Functional and Evolutionary Annotation of Associated Loci.

The GWAS results for left pars triangularis were annotated using Functional Mapping and Annotation of Genome-Wide Association Studies (FUMA; https://fuma.ctglab.nl; version 1.3.6a) (64). Using the SNP2GENE function, genome-wide significant loci were annotated with eQTL data from four databases with gene expression data of fetal and adult brain samples: GTEx V8 (brain samples only; www.gtexportal.org), BRAINEAC (www.braineac.org), CommonMind consortium (65), and psychENCODE (66). Loci were also annotated with chromatin interaction data of fetal and adult brain samples from three sources: psychENCODE, Giusti-Rodriguez et al. (67) and Schmitt et al. (68). GTEx V8 data assessed through the GTEx Portal (https://www.gtexportal.org) was used to visualize the association between rs1875748 and ZIC4 expression in adult cortical brain tissue. Neanderthal and Denisovan allele states for SNPs of interest were derived from the ancient DNA genotype data provided by the Max Planck Institute for Evolutionary Anthropology (cdna.eva.mpg.de/neandertal/) (69). Sequence alignment for the ZIC4 locus was performed using sequence data from GRCh37 and panTro3, DOTTER (70) for alignment and plotting.

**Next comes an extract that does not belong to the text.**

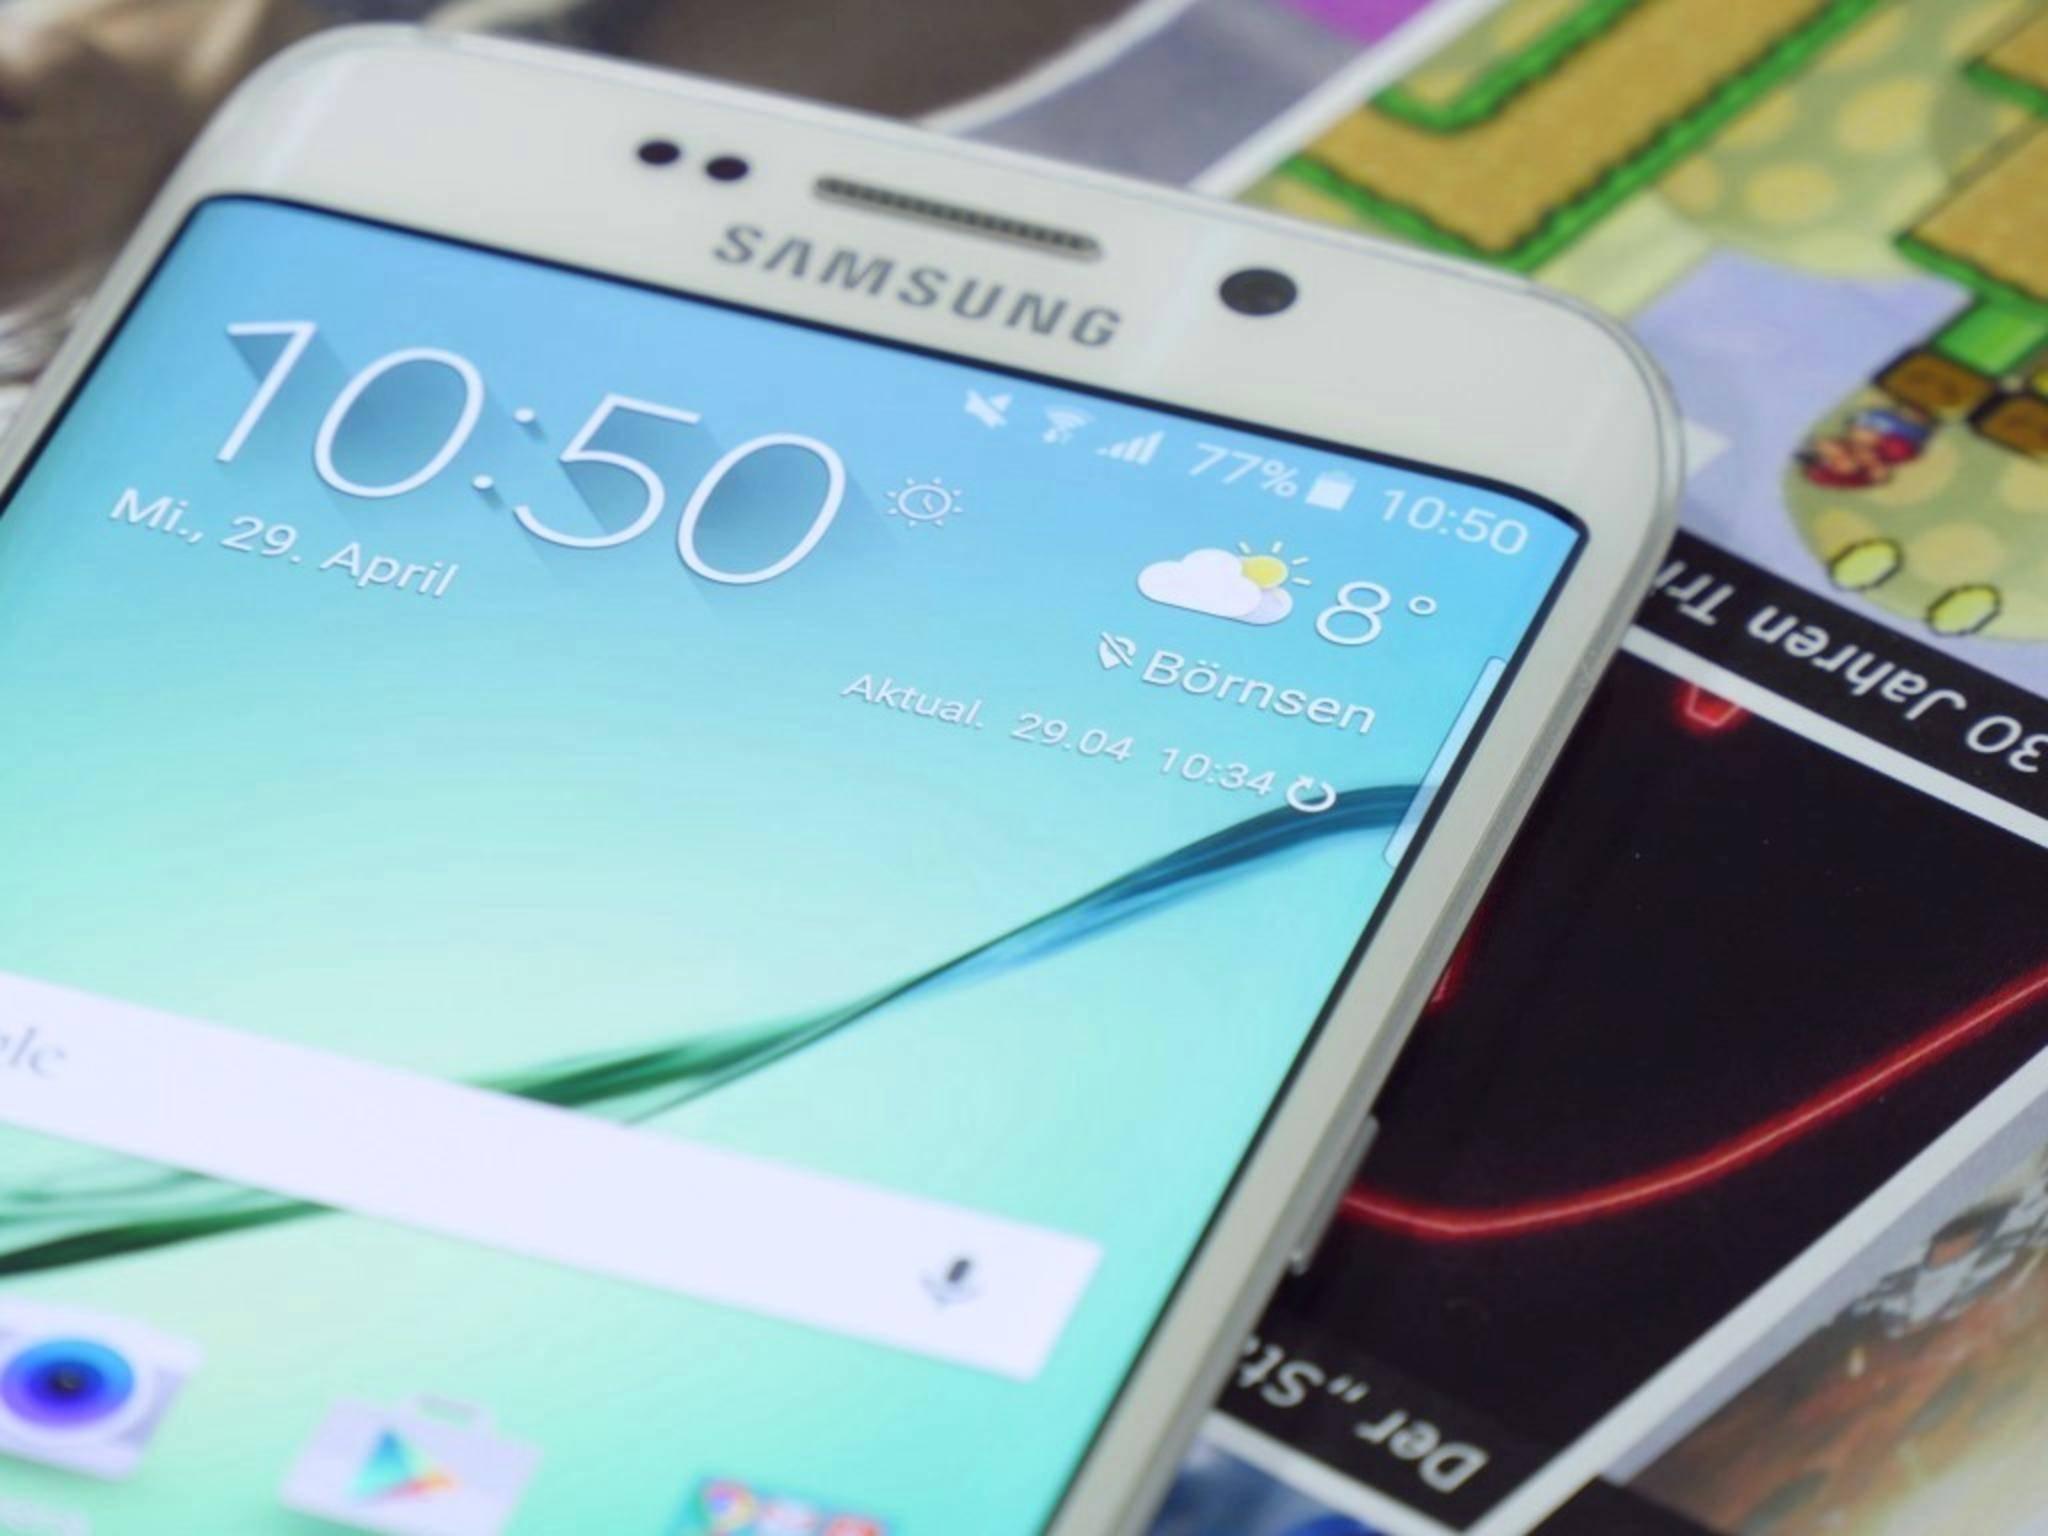 Samsung Galaxy S6 Edge 4

Multiple sequence alignment of 36 mammalian species was downloaded from the Ensembl phylogenetic context server (71). We used the codeml program from the PAML package (46) to detect selection on the ZIC4 coding sequence. To identify genome-wide significant loci associated with any of our neuroimaging traits, we performed clumping with PLINK (72), and selected SNPs that are in LD (r2 > 0.6) with clumped GWAS SNPs. We then identified the loci that overlap with HAR or AMH-derived DMRs by using the findOverlaps function from the GenomicRanges R package (73).

Data Analysis and Visualization.

Genetic and evolutionary analyses were conducted on the computing cluster of the Max Planck Institute for Psycholinguistics. Results were parsed and organized with bash scripts. Statistical analyses were conducted with R, Python, and Linux Shell. Plots were generated using R packages plotly and ggplot2.